Take, for example, my trip to ENT.  I have tinnitus in my right ear; not particularly badly, just a constant hiss, like the sound of a small trapped snake, which is itself infinitely better than a whine.  When I first when to my GP, he looked at my ear and said, “ah yes, there seems to be a concave quality to your eardrum.  I think you have a blocked eustachion tube.  Give it a week!”  (Give it a week is something very commonly said by GPs, regardless of your situation.)

One week later, I went back, for now my ear both hissed and hurt.  “Okay,” he said, “Let’s try you on a nasal spray to unclog your eustachion tube.”  So a nasal spray I tried and one week, and a massive nose-bleed later, my ear was indeed much better.

Then the hissing started again.  This time, I was referred to a consultant at Barts Hospital.

“Your hearing test is fine, the pressure behind your ear is fine.  There’s nothing we can do.”

“What, nothing?”

A brisk shrug from a brisk man.  “There’s two kinds of tinnitus.  There’s the inexplicable kind which you’ve got to learn to manage, or there’s the kind caused by small tumors pressing on the inner eardrum.  We’re going to give you an MRI in case it’s tumors, but personally I doubt it.”

And right there, the terror.

“Tumors?”

“Unlikely benign tumors,” he corrected.

“MRI?”

“For the unlikely benign tumors.”

“Tumors?!”

It has to be said, in my defense, I wasn’t actually saying this part out loud.  But my god I was thinking it.  I suppose I should also add that I’d had a stinker of a cold not three days before and to this day, I suspect that kinda threw off the very brisk consultant’s very brisk diagnostic tests.

“Hence the MRI,” he explained.  “Now… do you have anything metal in your body?”

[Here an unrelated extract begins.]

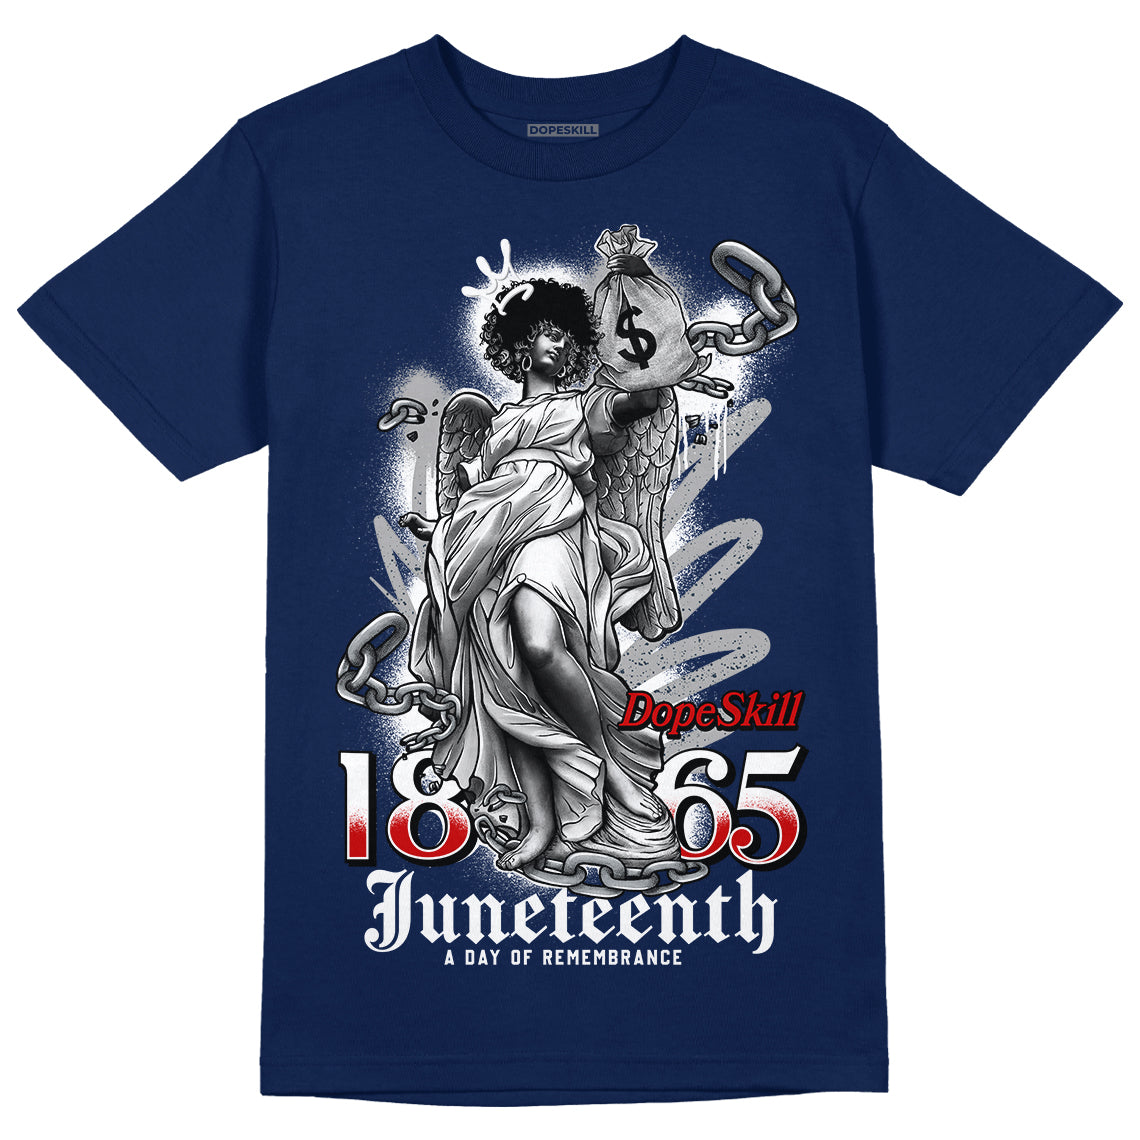 Midnight Navy 4s DopeSkill Midnight Navy T-shirt Juneteenth Graphic

“No,” I said, and at once, questioned this statement.  Did I?  I don’t think so.  I don’t remember anything metal being put into me.  I don’t think I’ve had any surgery or piercings or insertions or anything like that.  I have no reason to believe that I have anything metal inside me but what if I’m wrong?  What if something was implanted when I was a baby, what if I swallowed 20p when I was 3 and it never came out, what if I get into the MRI scanner and a piece of tin comes flying out of my body from god knows what source what if… what if oh god…?

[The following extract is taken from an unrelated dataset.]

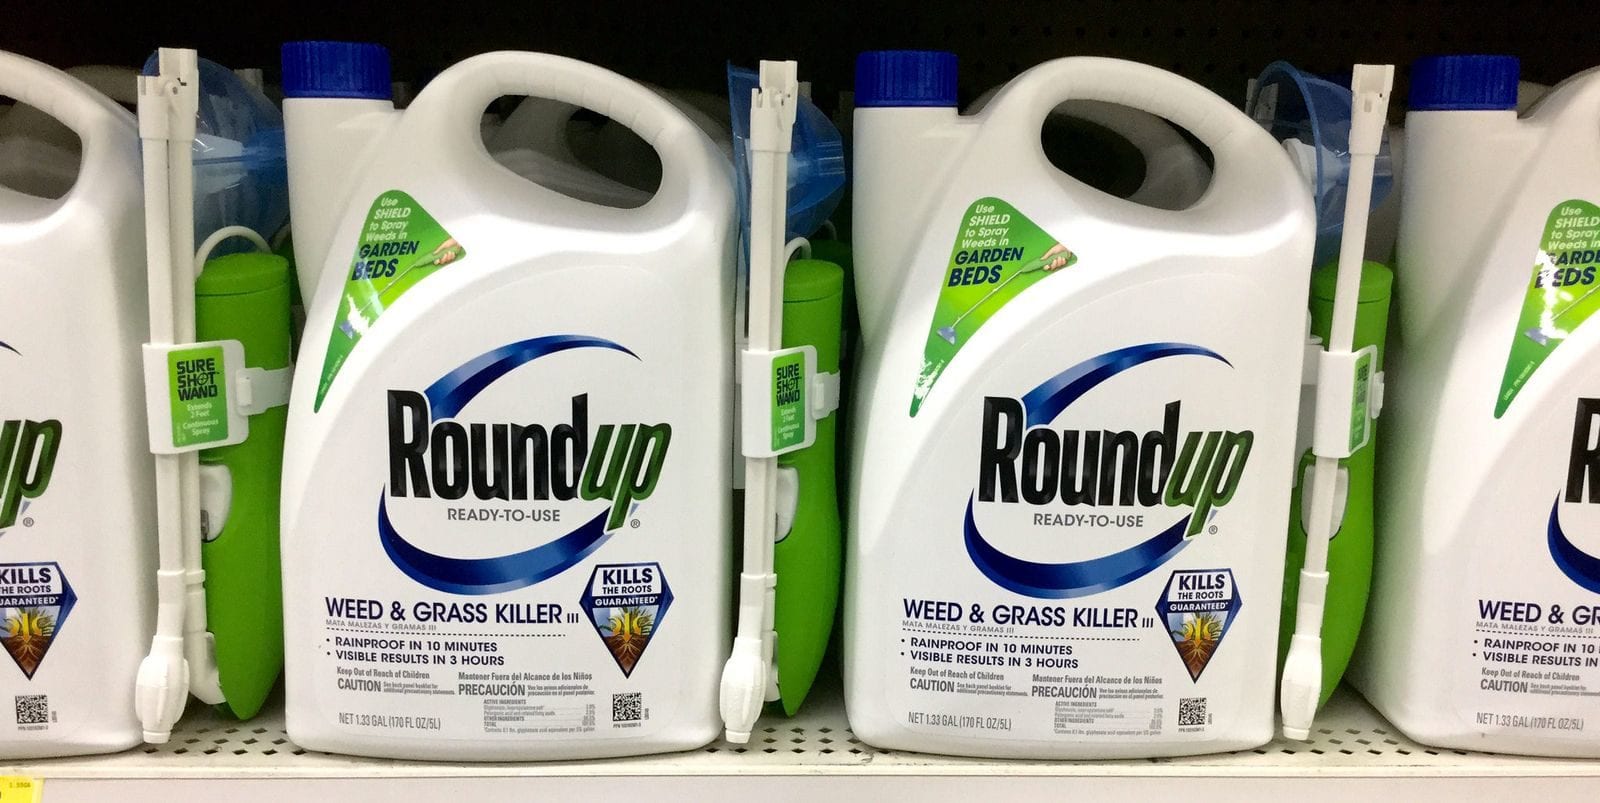 Le round-up, pesticide de Monsanto, est composé de glyphosate, molécule cancerogène mais il est encore autorisé (Photo Mike Mozart / FlickR / cc)

“But dear,” said my Mum, “I don’t think you have any metal in your body.”

“Neither do I.  I don’t think I have tumors either.  But what if?!”

As I write this, I still have a week and a bit to go before the MRI, and my worry is now merely a gentle background hum.  Not least, since then, I’ve actually acquired a very mild eye infection in my right eye which is currently far more interesting.  As it didn’t hurt, and wasn’t red, and my vision seemed okay, I went onto NHS direct and looked up my symptoms.  ‘This symptom is manageable at home,’ it explained and oddly, I felt a pang of disappointment.  ‘Go to your local pharmacist for medication.’

You mean… I don’t need a doctor?  But my right eye is oozing!  Surely I need a doctor?  I’m a lighting designer – I need my eyes!

‘Go to your pharmacist,’ it said, ‘you have a mild eye infection, easily treatable with over-the-counter medication,’ and the thought suddenly struck me: that for all I am absolutely terrified of doctors and hospitals, of tests and machines, of diagnoses I don’t want to receive and of people stabbing, prodding and poking me with not necessarily very satisfactory answers, what I’m frightened of even more than that, and let’s face it my fears are diverse and expansive, but what I’m really, really terrified of, is of having no cure or answer at all.